Your goal
When you write out the listing below, keep each word exactly as it stands and drop the pictures.

Data shown
=-=-=-=-=

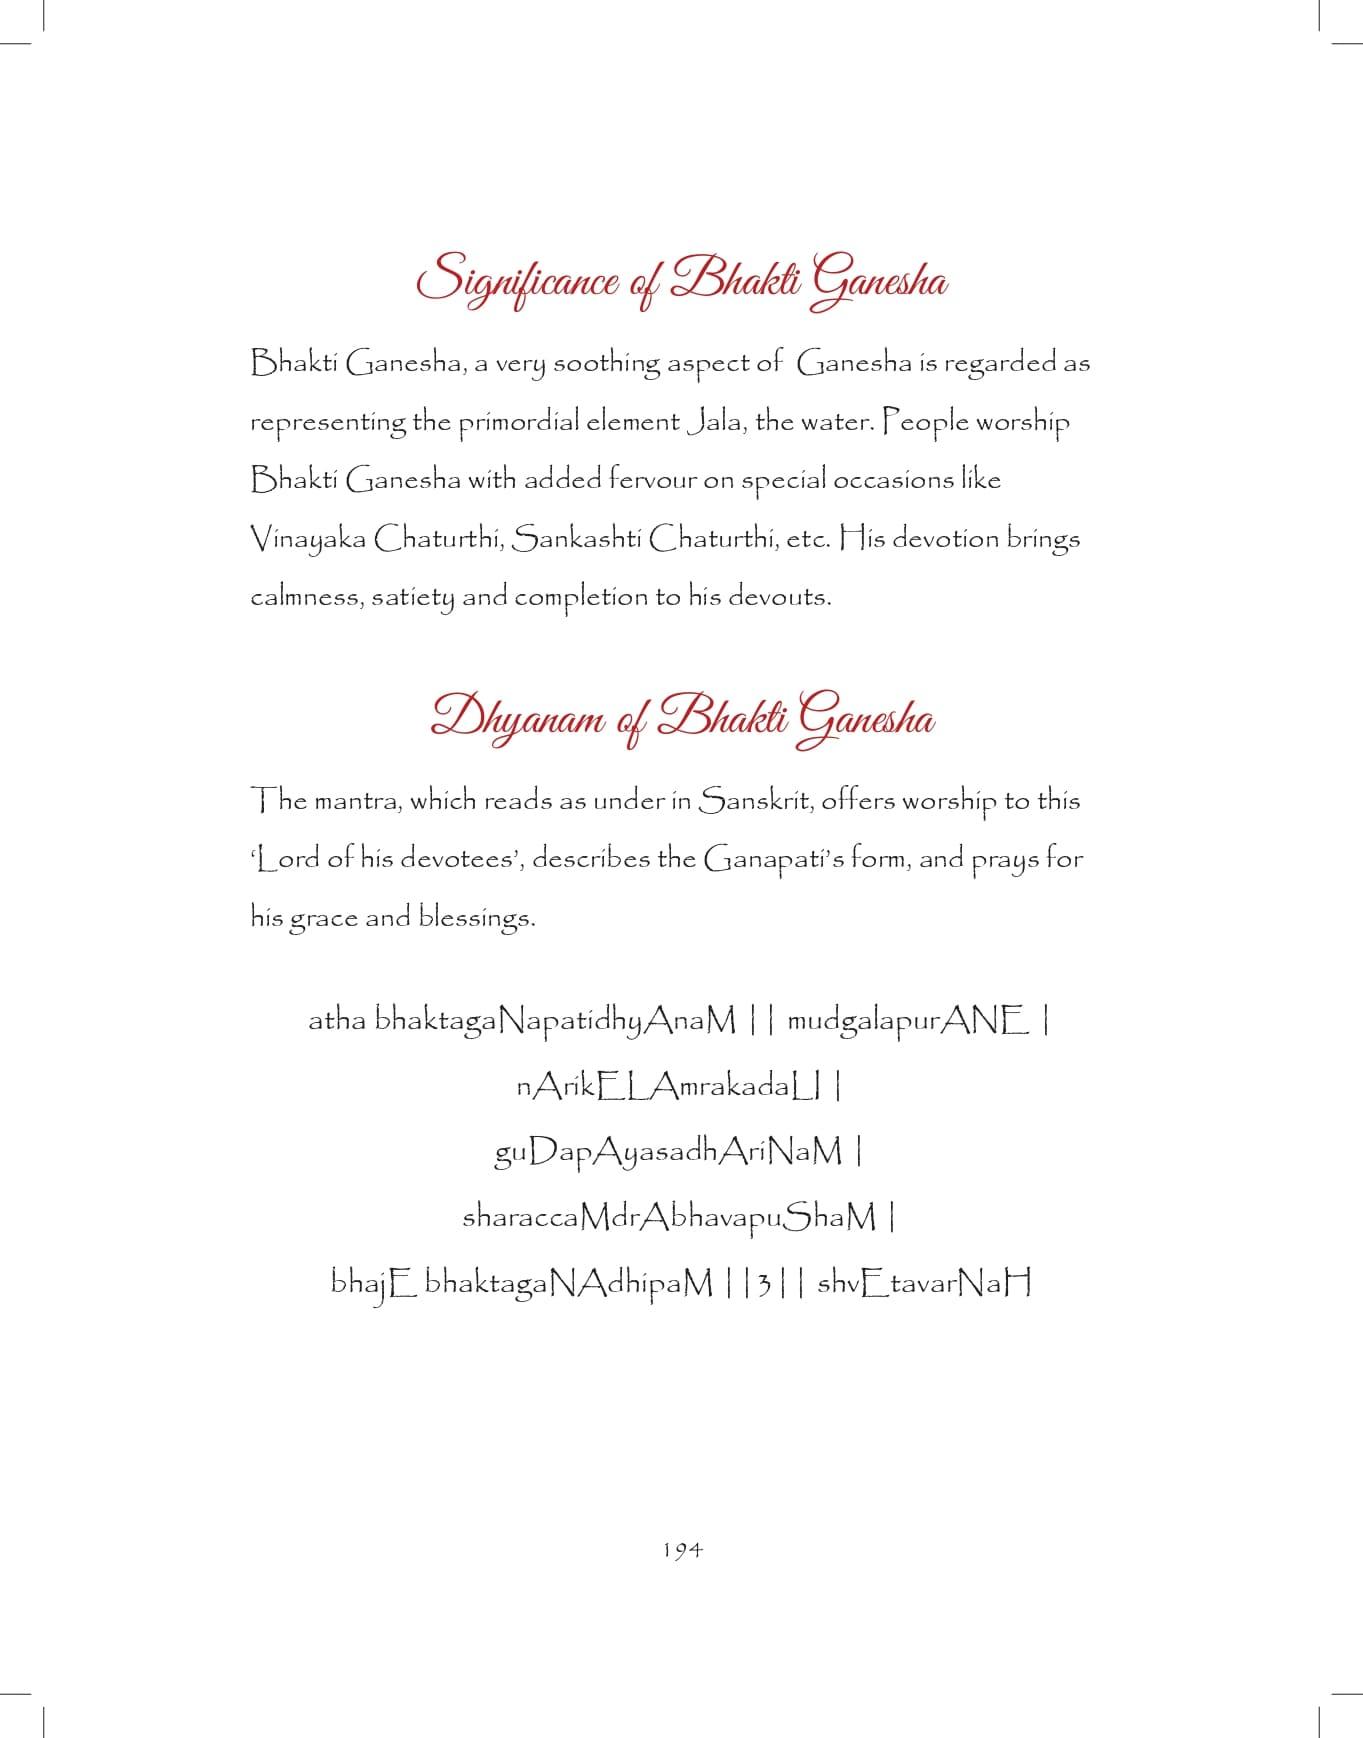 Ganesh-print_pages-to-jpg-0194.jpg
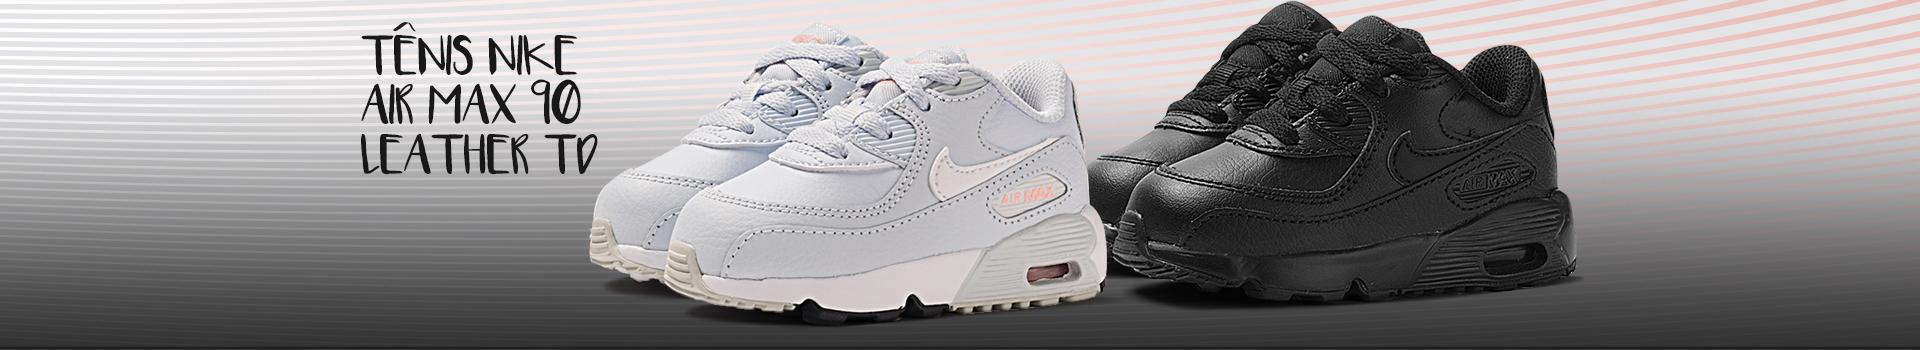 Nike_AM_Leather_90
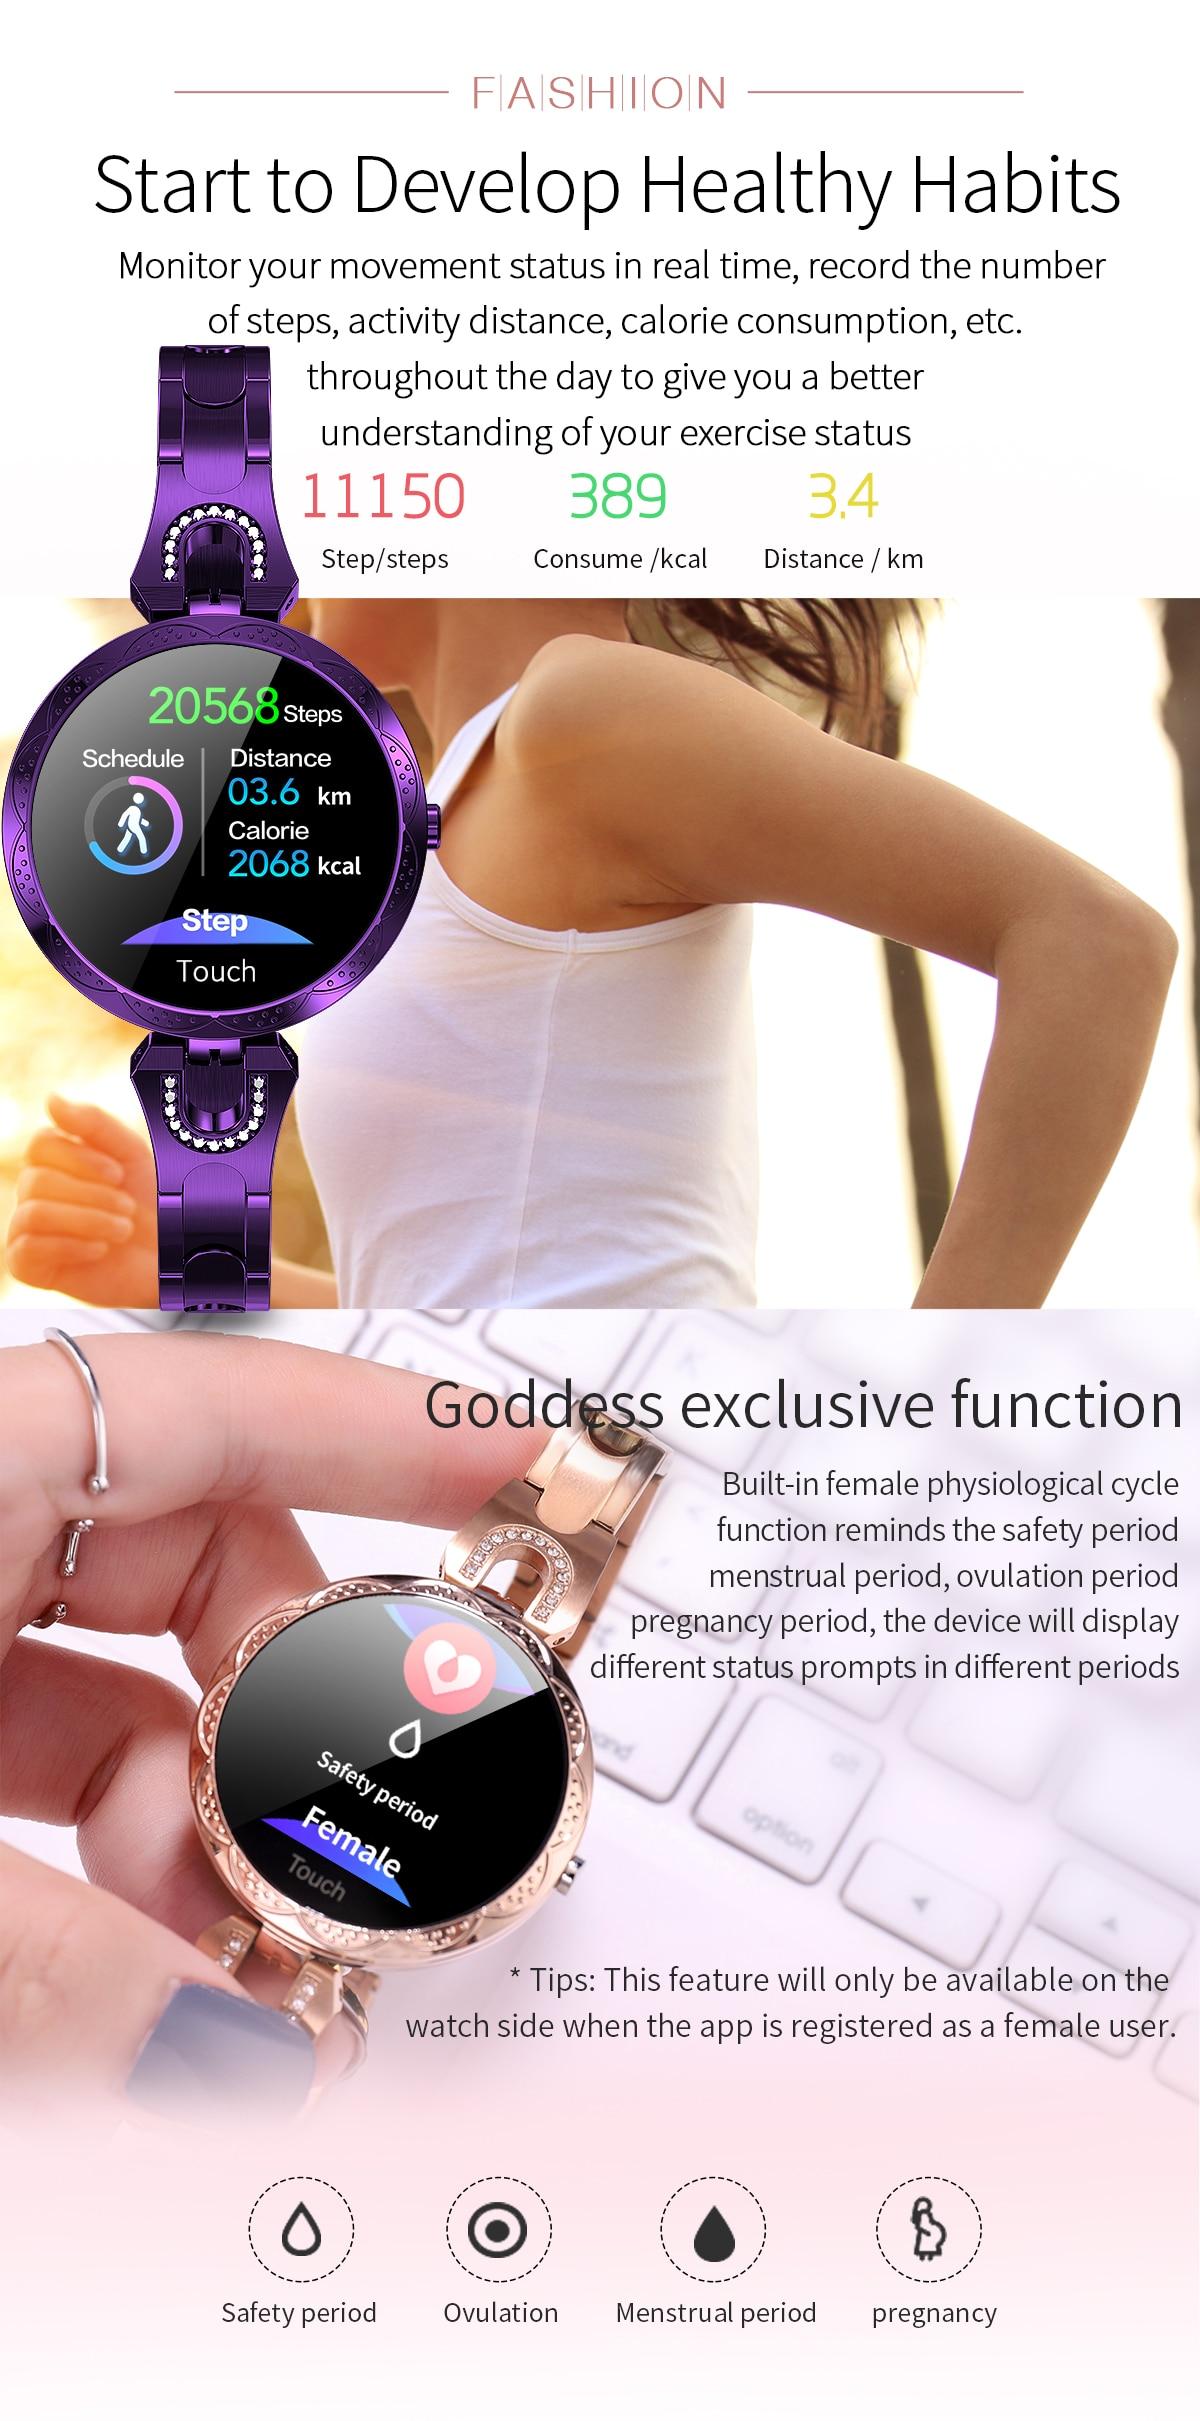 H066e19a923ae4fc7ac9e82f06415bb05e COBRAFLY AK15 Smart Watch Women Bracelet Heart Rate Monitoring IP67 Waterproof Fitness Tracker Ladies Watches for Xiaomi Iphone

=-=-=-=-=

The completed task
 Ganesh-print_pages-to-jpg-0194.jpg
 Nike_AM_Leather_90
 H066e19a923ae4fc7ac9e82f06415bb05e COBRAFLY AK15 Smart Watch Women Bracelet Heart Rate Monitoring IP67 Waterproof Fitness Tracker Ladies Watches for Xiaomi Iphone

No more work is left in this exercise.